Maria en de Heilige Geest
In haar beginnen de "wonderen van God" die de Geest tot stand zal brengen in Christus en de kerk, zichtbaar te worden.
De heilige Geest heeft Maria voorbereid door zijn genade. De moeder van Hem in wie "de godheid in heel haar volheid lijfelijk aanwezig is" (Kol. 2,9), moest "vol van genade" zijn. Zij is louter door genade zonder zonde ontvangen als de nederigste van alle schepselen, het meest in staat de onuitsprekelijke gave van de Almachtige te ontvangen. De engel Gabriël begroet haar dan ook terecht als "dochter van Sion": "Verheug u". Wanneer zij de eeuwige Zoon in zich draagt, doet zij in haar gezang in de heilige Geest de dankzegging van heel het volk van God, en dus van de kerk naar de Vader opstijgen.

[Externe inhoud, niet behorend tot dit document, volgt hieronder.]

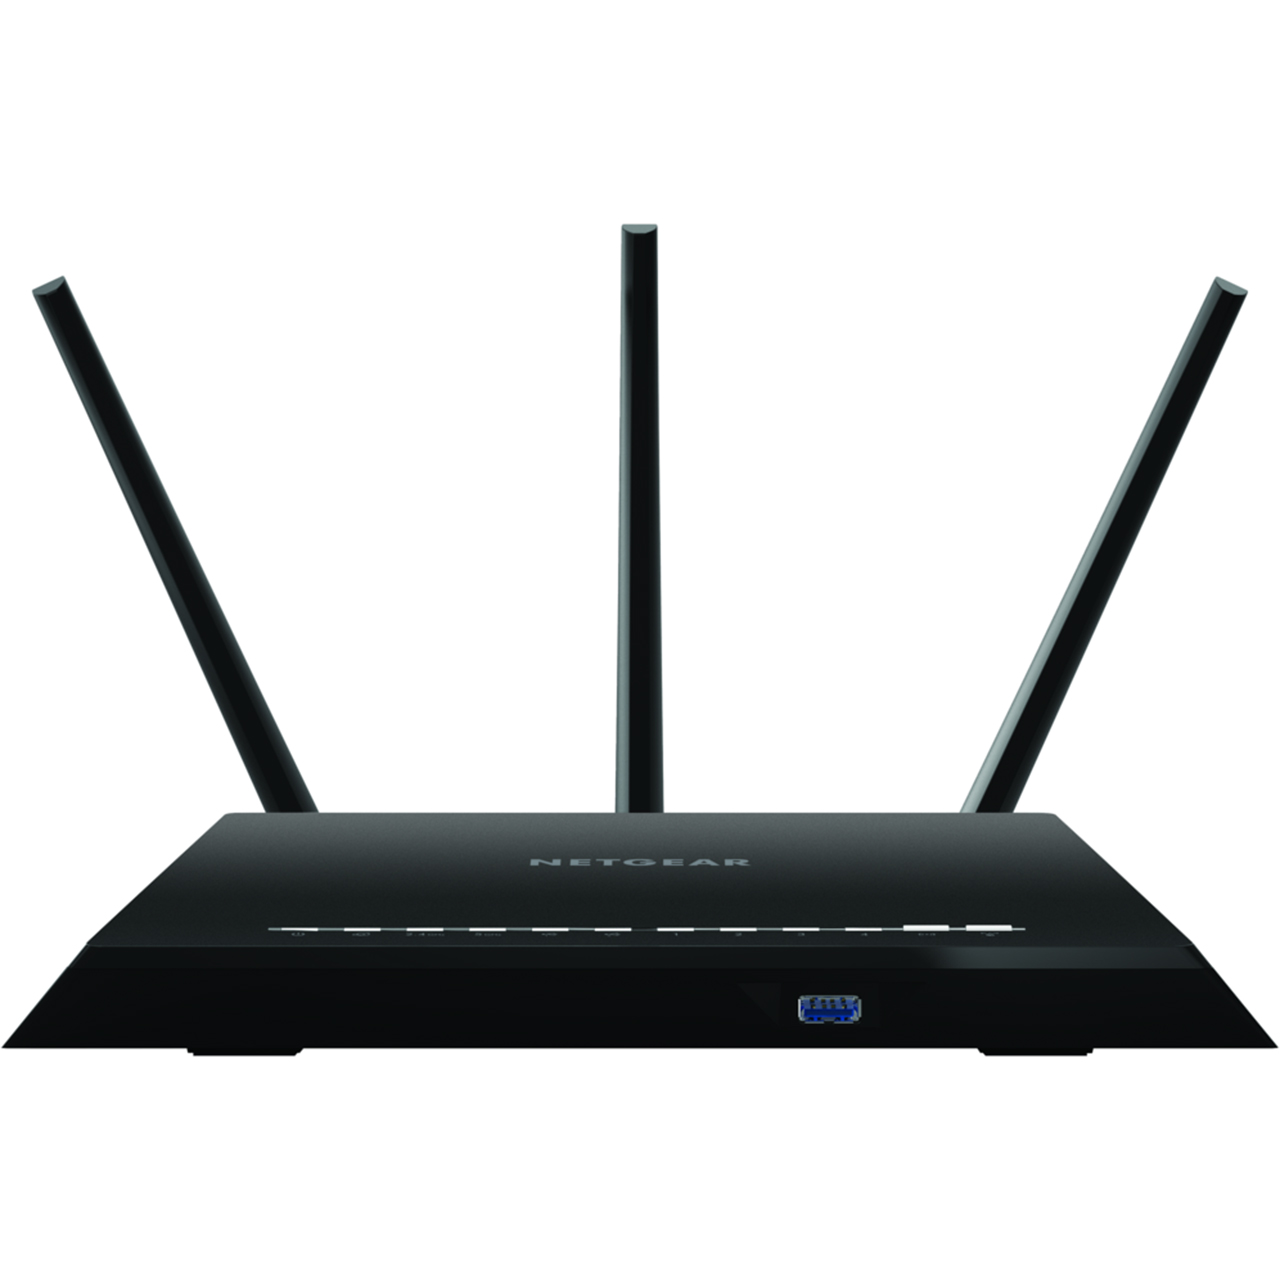 Netgear R7000 Wireless Router Review
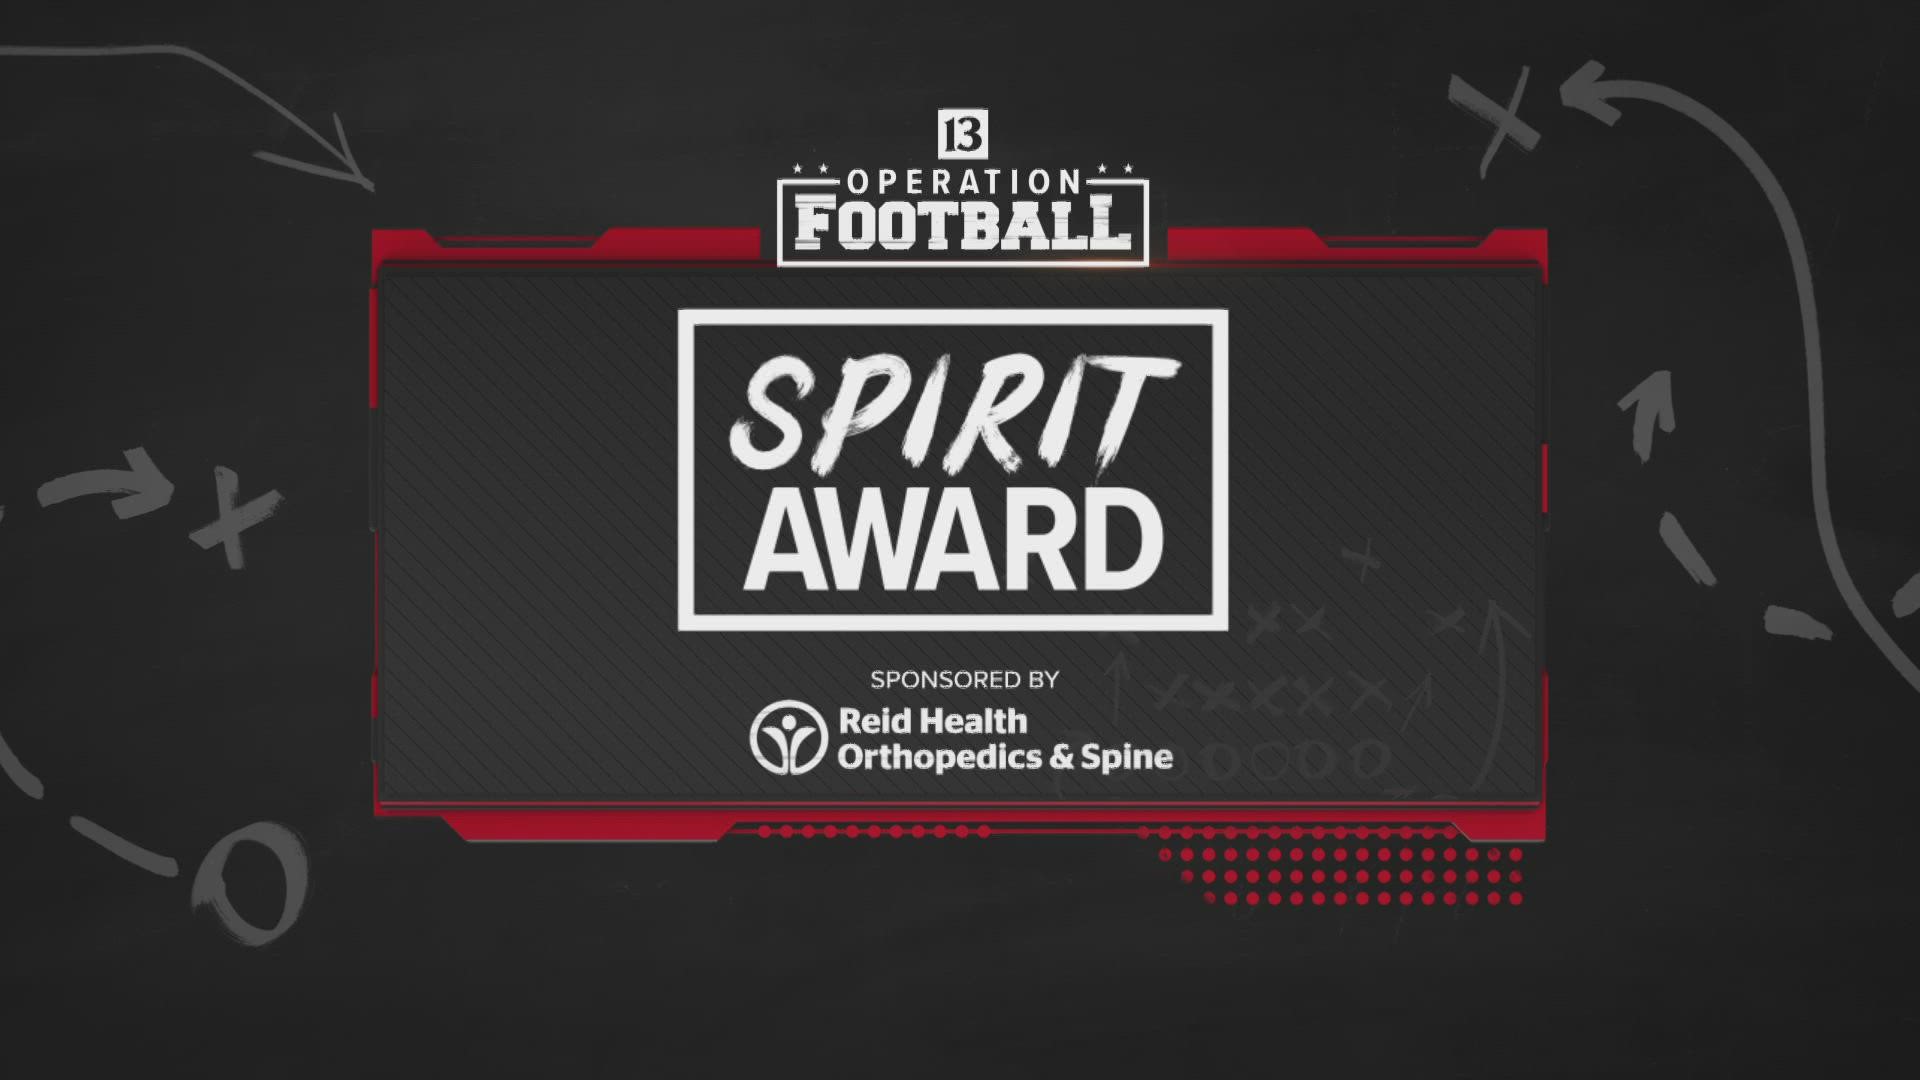 Brownsburg High School has won the 2021 Operation Football Spirit Award.

In Maria verwezenlijkt de heilige Geest de liefdevolle heilsbeschikking van de Vader. Het is met en door de heilige Geest dat de Maagd de Zoon van God ontvangt en ter wereld brengt. Haar maagdelijkheid wordt unieke vruchtbaarheid door de kracht van de Geest en het geloof.
In Maria maakt de heilige Geest de Zoon van de Vader, die Zoon van de Maagd geworden is, zichtbaar. Zij is de brandende braamstruik van de definitieve theofanie: vervuld van de heilige Geest toont zij het Woord in de nederigheid van zijn vlees en laat Hem aan de armen en de eerstelingen van de volken kennen.
Tenslotte begint de heilige Geest door Maria de mensen, als "het voorwerp van de welwillende liefde van God," tot gemeenschap met Christus te brengen. De eersten die Hem ontvangen, zijn altijd de nederigen: de herders, de wijzen, Simeon en Hanna, het bruidspaar in Kana en de eerste leerlingen.
Aan het einde van deze zending van de Geest wordt Maria de "Vrouw", de nieuwe Eva, "moeder van de levenden", moeder van de "gehele Christus". Als zodanig is zij met de Twaalf, "eensgezind volhardend in het gebed" (Hand. 1,14), aanwezig bij de dageraad van de "eindtijd", die de Geest zal inluiden op Pinkstermorgen, wanneer de kerk te voorschijn treedt.